クルマ企業と通信企業の連携
本格的なデジタル化の波があらゆる産業に浸透し、企業に創造的な破壊による変革(Digital Disruption、デジタル・ディスラプション)を迫り、さらに社会的に大きなインパクトを与える、デジタルトランスフォーメーション(以下、DX)注1が現実のものになってきた。
〔1〕自動車産業の大変革
現在、自動車産業は、「100年に一度」の大変革の時代を迎えている。CASE(ケース注2、図1)が台頭し、IoT接続、自動運転、シェアリング、さらに、CO2を排出するガソリンエンジン駆動から、電動モーターで駆動する電動化(EV/PHEV)へとシフトしている。
図1 自動車産業の大変革を加速するCASE革命
出所 https://www.ntt.co.jp/news2020/2003/pdf/200324ba.pdf#zoom=80
このような世界的な流れを背景に、トヨタは、カー・カンパニーからモビリティ注3・カンパニー(すなわち製造業からサービス業)へのシフトを加速させている。
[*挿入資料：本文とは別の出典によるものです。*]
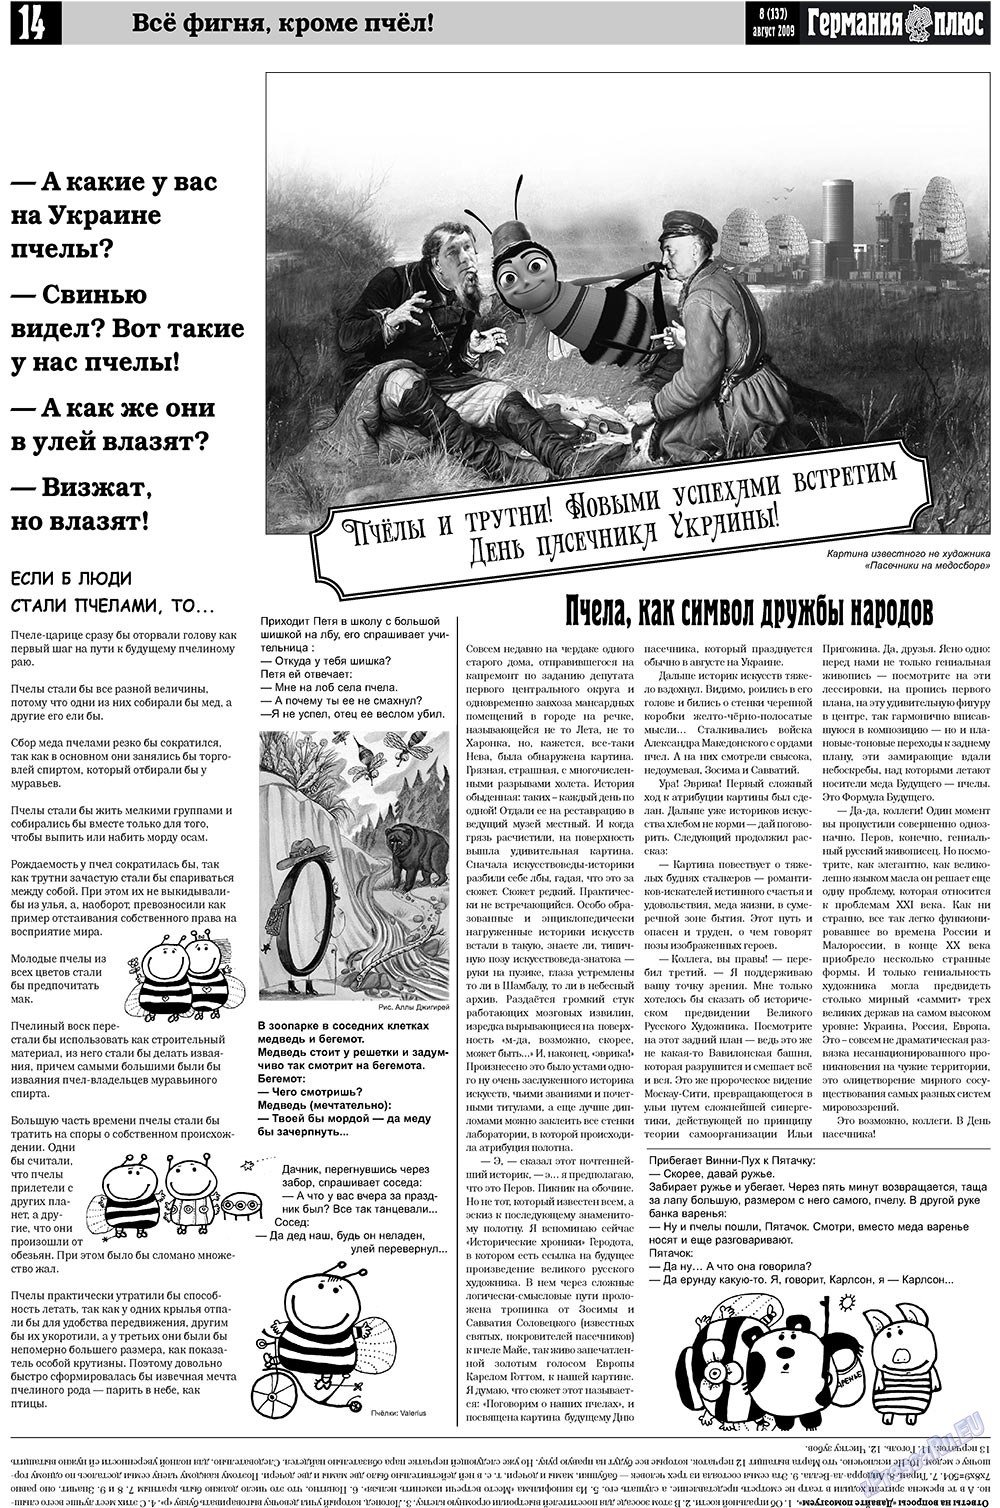 Германия плюс, газета. 2009 №8 стр.18

自動車へのニーズが「所有」から「利用」へとシフトしており、もはや自動車の売り上げで多大な利益を得ることは難しくなってきている。
すなわち、自動車を所有せずに、使いたいときにだけお金を払って利用する、カーシェアリングなどのサービスが期待されるようになってきたのだ。
〔2〕通信産業の変革
一方、通信産業も、大きなイノベーションが進展している。NTTドコモをはじめ各通信事業者は、2020年3月末から5Gの商用サービスを開始した。5Gサービスは、従来のLTE(4G)に比べて、高速・低遅遅延になるとともに、最初からインターネット(IoT)機能を包含しているため、コンピュータとの整合性が良いサービスだ。例えば、クルマの自動運転制御には最適であり、必須なサービスである。
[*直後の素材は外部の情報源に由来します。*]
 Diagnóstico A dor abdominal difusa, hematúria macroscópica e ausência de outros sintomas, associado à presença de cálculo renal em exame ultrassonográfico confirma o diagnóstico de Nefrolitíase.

NTTグループでは、5G技術とともに、グループ全体がもつAIやクラウド、エネルギー事業の資産を活かしながら、最近では2025年までに6,000憶円もの投資を行って、再エネ(分散エネルギー)を加速させる電力サービス事業にも本格参入し、2019年6月に、NTTアノードエナジー注4を設立した。
これはNTTが、既存のモバイルビジネスの限界を見越した新しいビジネス戦略である(本誌2020年1月号「NTTアノードエナジーの事業戦略」を参照)。
両社の資本提携の目的
DXに挑戦する、自動車業界のリーダー「トヨタ」と通信業界のリーダー「NTT」の両社は、2020年3月24日、業務資本提携に合意した(表1)。
表1 トヨタとNTTの業務資本提携の内容
出所 https://global.toyota/jp/newsroom/corporate/32057066.htmlをもとに編集部で作成
この提携の目的は、スマートシティ注5の実現を目指して、スマートシティビジネスの事業化が実現できるよう、長期的かつ継続的に協業関係を構築することである。
▼ 注1
デジタルトランスフォーメーション(DX):Digital Transformation。直訳すると「デジタル変革」。企業が、クラウドやAI、ビッグデータ解析等のデジタル技術(IT技術)を活用して、企業のビジネスモデルを根本的に変革し、市場において競争上の優位を実現すること。
▼ 注2
CASE:CはConnected(IoT接続)、AはAutonomous(自動運転)、SはShared & Service(共有&サービス)、EはElectric(電動化)を示す。2016年にメルセデス・ベンツが発表したコンセプト。
▼ 注3
モビリティ(Mobility):直訳すると「移動性」。モビリティ・カンパニーとは、例えばカーシェアリングやライドシェアサービスなどの移動手段をサービスとして提供する会社のこと。現在の自動車は初期購入コストが高いところから、若い世代のニーズは、自動車は「所有するもの」から「利用するもの」へと大きく変化している。そこで自動車メーカーは、自動車という「モノを販売する」のではなく、自動車による「移動サービスを提供する」というビジネスモデルに転換し始めている。これはMaaS(Mobility as a Service)と呼ばれる。MaaSは、自動運転技術も含んだ統合型移動サービスの提供を目指して進化している。
▼ 注5
スマートシティ:先進的技術を活用することによって、都市や地域の機能・サービスを効率化・高度化し、都市がもついろいろな課題を解決するとともに、快適性や利便性を含めた新たな価値を創出する都市・地域を構築すること。